Share of search (SoS)
Cheapest, most predictive proxy for brand demand and future market share.
- Formula
- Brand's organic search volume / total category (all-competitor) search volume; via Google Trends / Keyword Planner
- Unit
- %
- Models
- All models
| All | SoS predicts market share ~6–12 months ahead (Binet / IPA 2020). Hankins/Vizer (IPA 2021): SoS explains ~83% of market-share variance across 30 cases and 12 categories. Use trend direction and Excess SoS (ESOS), not the absolute number. | Les Binet / IPA 2020; James Hankins / Vizer / IPA 2021 |
What it is
Share of Search (SoS) is the brand's organic search volume divided by the total search volume for the entire competitive category, typically estimated via Google Trends or Google Keyword Planner.
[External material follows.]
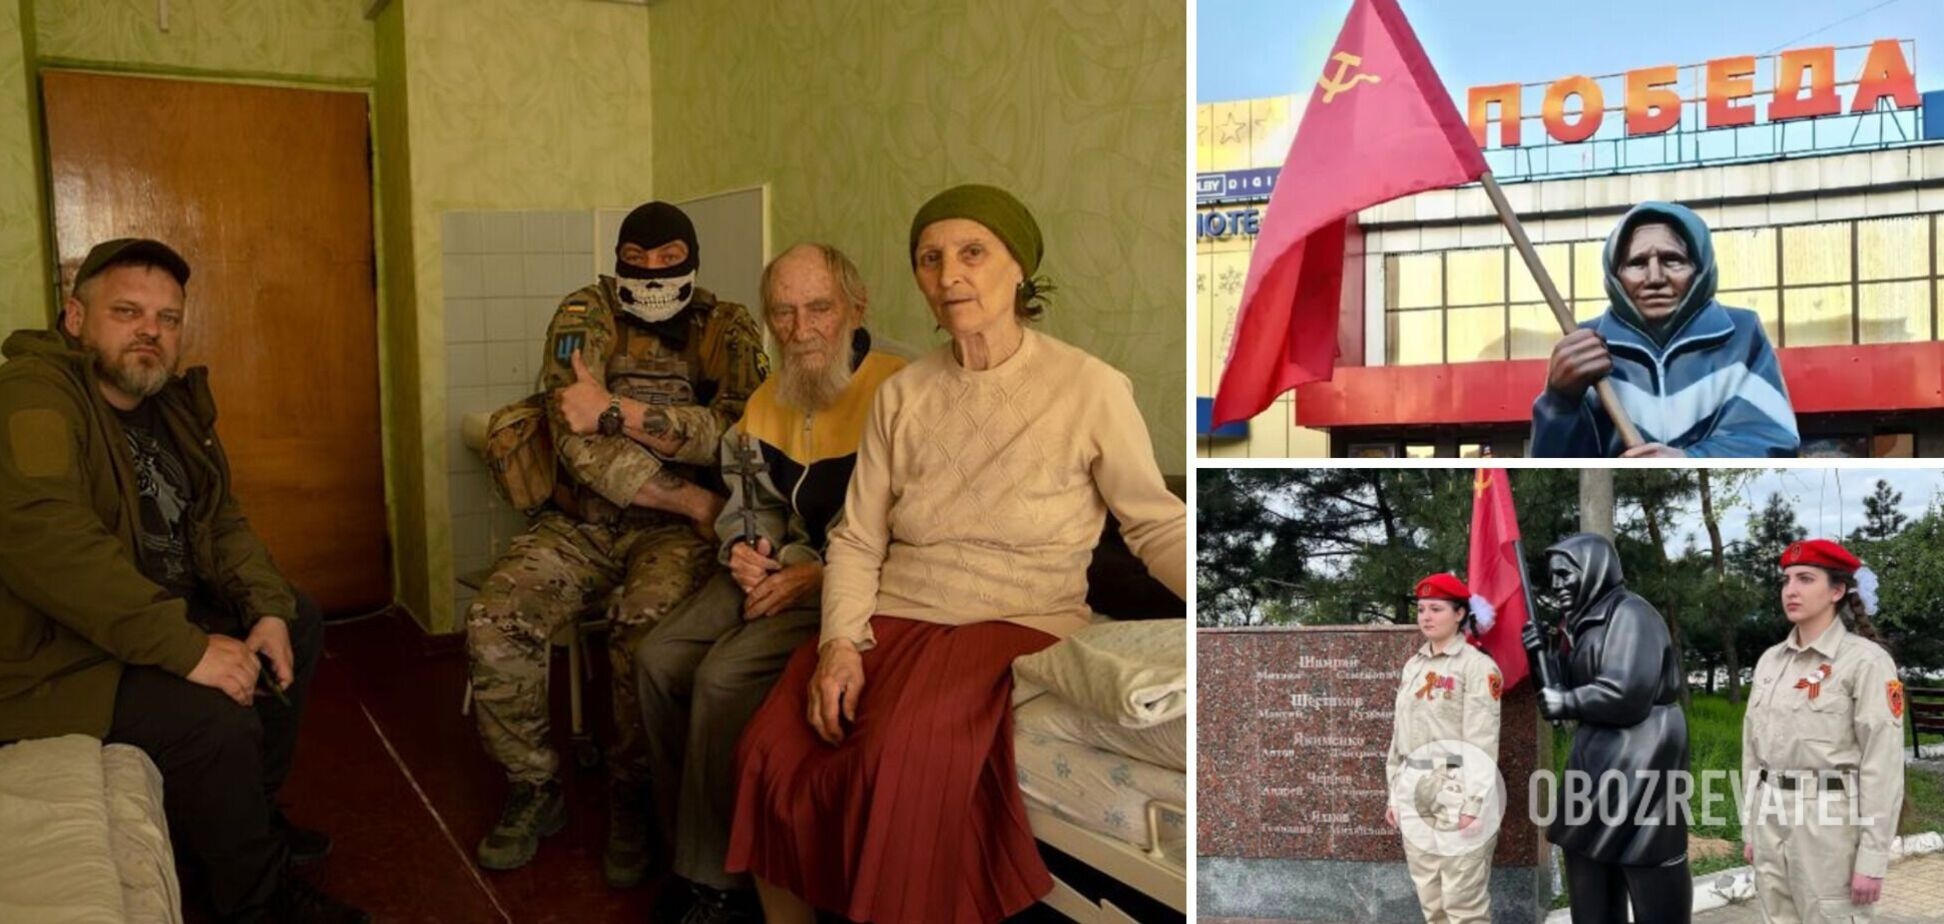 Бабушка с украины жива. Украинская бабушка с красным знаменем. Бабушка с советским флагом на Украине. Бабушка с красным флагом. Бабуля с флагом на Украине.

It is a proxy for brand salience — how often people look for you relative to everyone in your space.
How to calculate it
Sum the brand's monthly organic search query volume, then divide by the combined volume of all tracked competitors plus the brand itself. The output is a percentage that shifts as the category grows, shrinks, or new entrants appear. Google Trends index values can be used when absolute volumes are unavailable.
Why it matters
Les Binet's IPA EffWorks 2020 research found that SoS is a leading indicator of market share, running approximately 6–12 months ahead. James Hankins and Vizer (IPA 2021) extended this, showing SoS explains roughly 83% of market-share variance across 30 cases and 12 categories. That predictive quality makes it a more actionable early signal than lagging revenue metrics.
Benchmarks & pitfalls
Because this is a directional measure rather than a rigorous cross-industry standard, there is no universal "good" absolute percentage — what matters is whether your SoS is above or below your market share (Excess SoS, or ESOS) and whether the trend is improving. The underlying dataset is over a decade old, the metric is volatile for small brands with low absolute search volumes, and competitor bankruptcies or viral moments can cause confounding spikes. Always interpret the trend and ESOS rather than fixating on the raw share number.